The Law has added provisions in the General Provisions section that anti-money-laundering work should be carried out in accordance with the law to ensure that relevant measures are compatible with the risk of money laundering, to safeguard normal financial services and the smooth flow of funds, and to safeguard the lawful rights and interests of companies and individuals as the basic work requirements for anti-money-laundering work. At the same time, additional provisions, financial institutions to carry out customer due diligence, should be based on the characteristics of the customer and the nature of the transaction activities, the risk situation; for the lower risk of money laundering involved in the customer due diligence should be simplified under the circumstances.
The Law also clarifies the conditions for financial institutions to adopt risk management measures for money laundering, stipulating that they shall not adopt measures that are incompatible with the risk status of money laundering and that they shall safeguard the basic and necessary financial services related to medical care, social security, public utility services and other services enjoyed by their customers in accordance with the law.

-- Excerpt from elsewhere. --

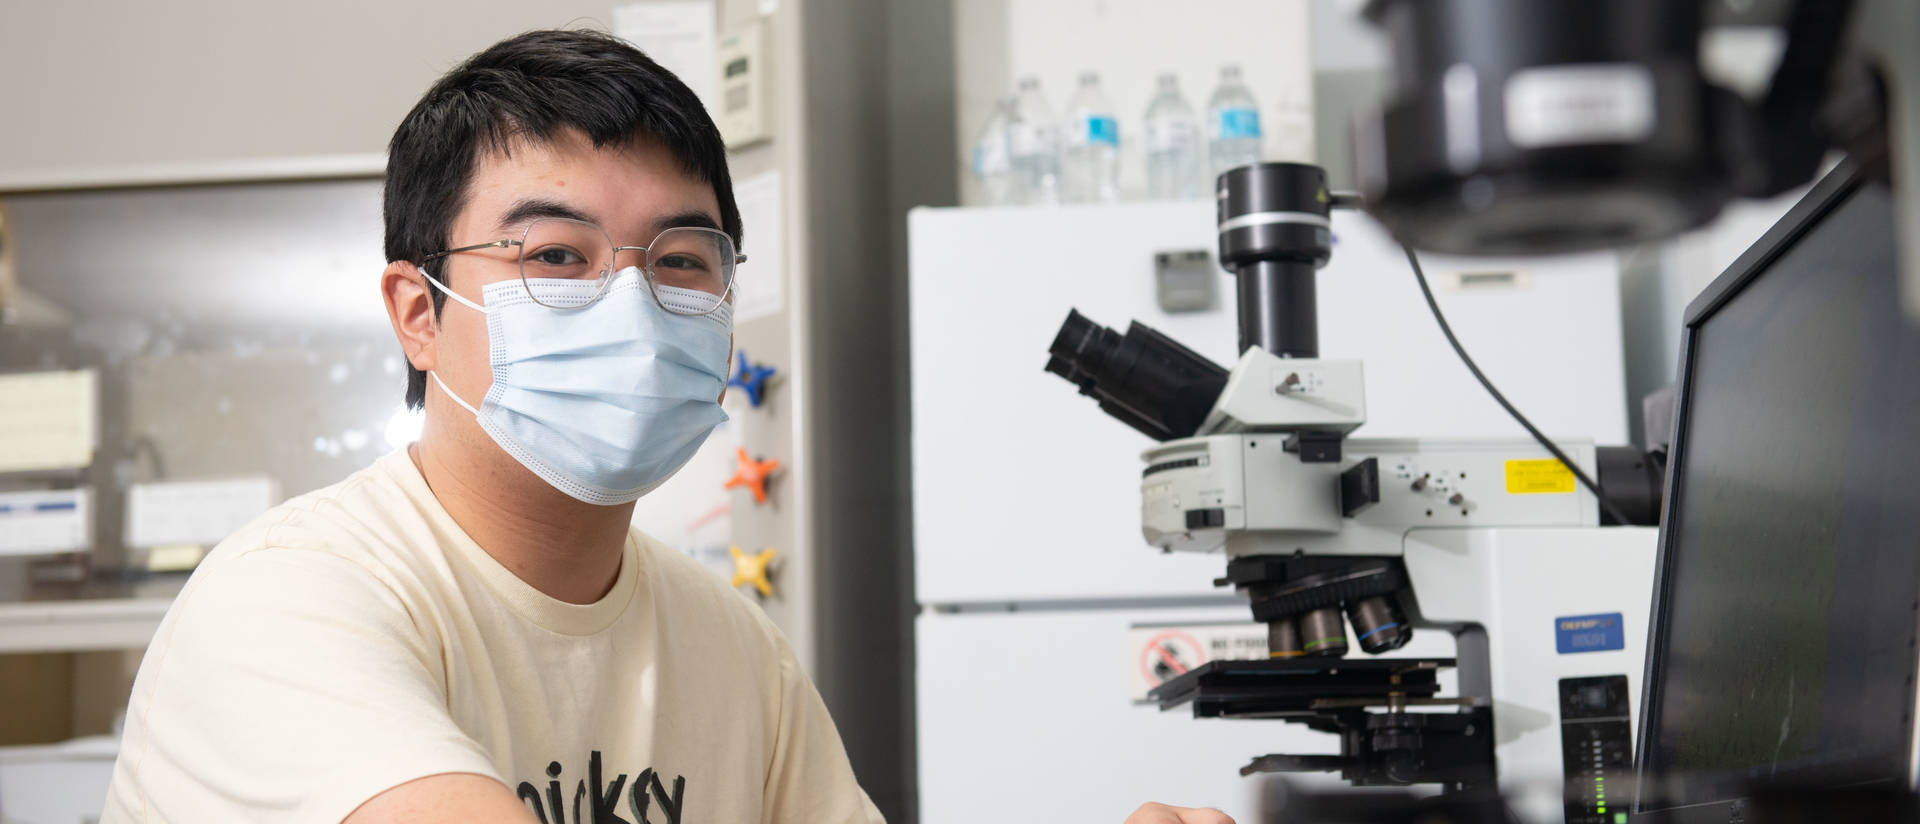 Materials science and engineering student works with a microscope in a lab on campus
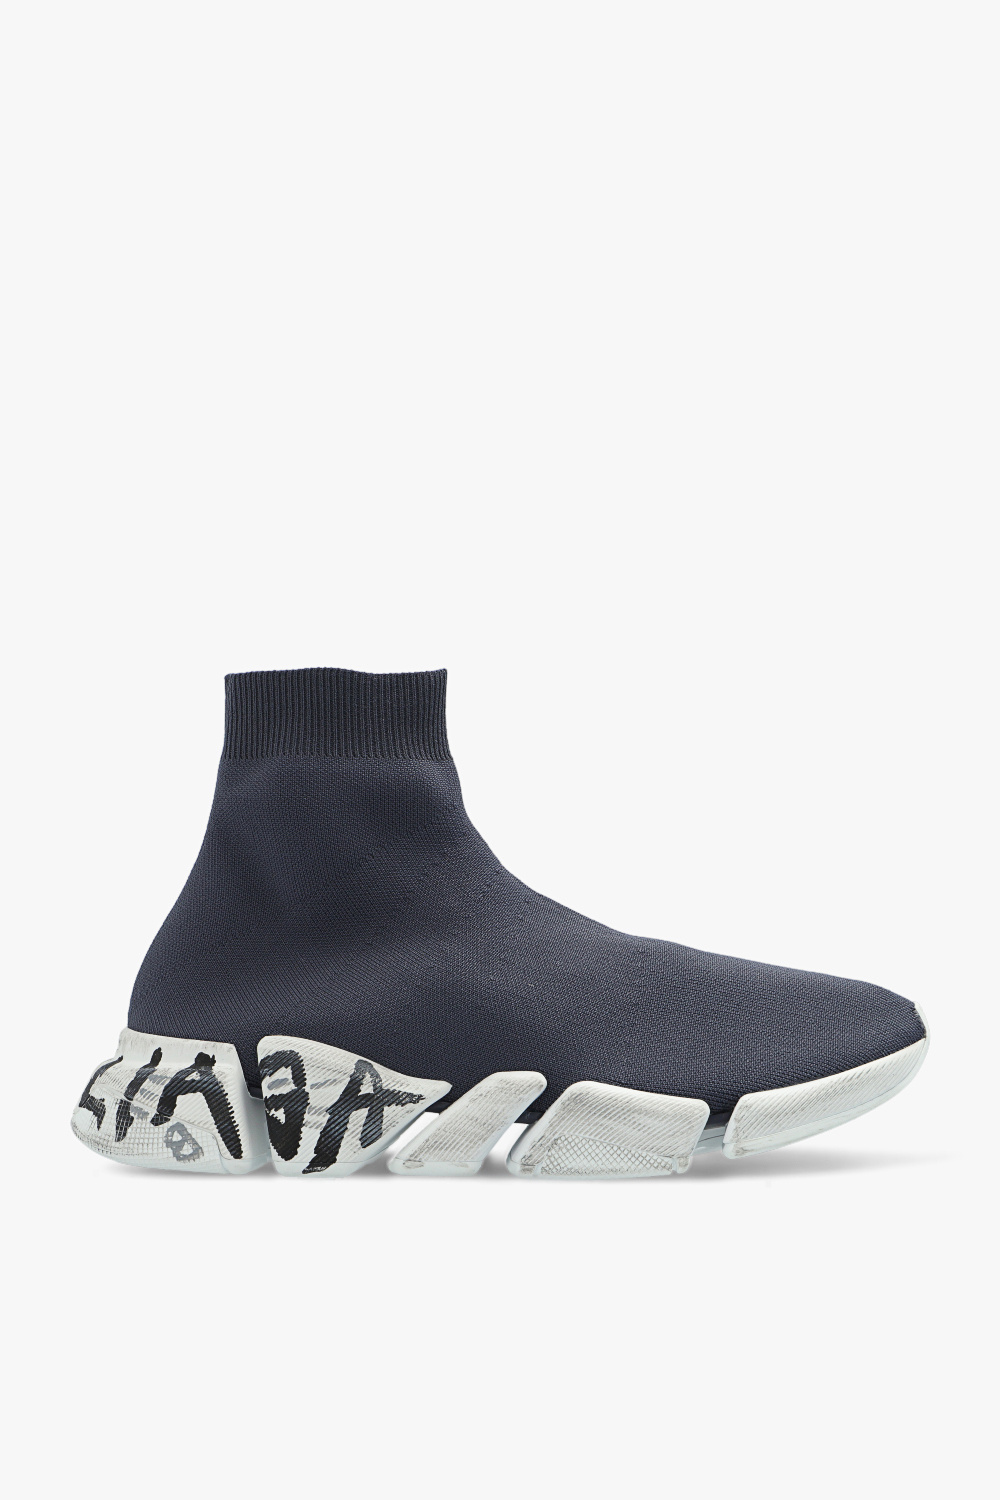 Balenciaga ‘Speed 2.0 LT’ sneakers with sock | Men's Shoes | Vitkac

Strengthening data security and personal information protection is also a key point of this amendment. The Law increases the protection of personal privacy based on the existing AML Law which strictly regulates the provisions on the use of AML information, and explicitly requires that institutions providing AML services and their staff shall properly handle data and information obtained as a result of the provision of services in accordance with the law to ensure the security of the data and information; adds the provision that the sharing of AML information within a company and among group members shall comply with legal provisions on the protection of information; adds the provision that the sharing of AML information within a company and among group members shall comply with the relevant information protection; and adding provisions on the legal responsibility of staff members of relevant State organs for disclosing anti-money-laundering information.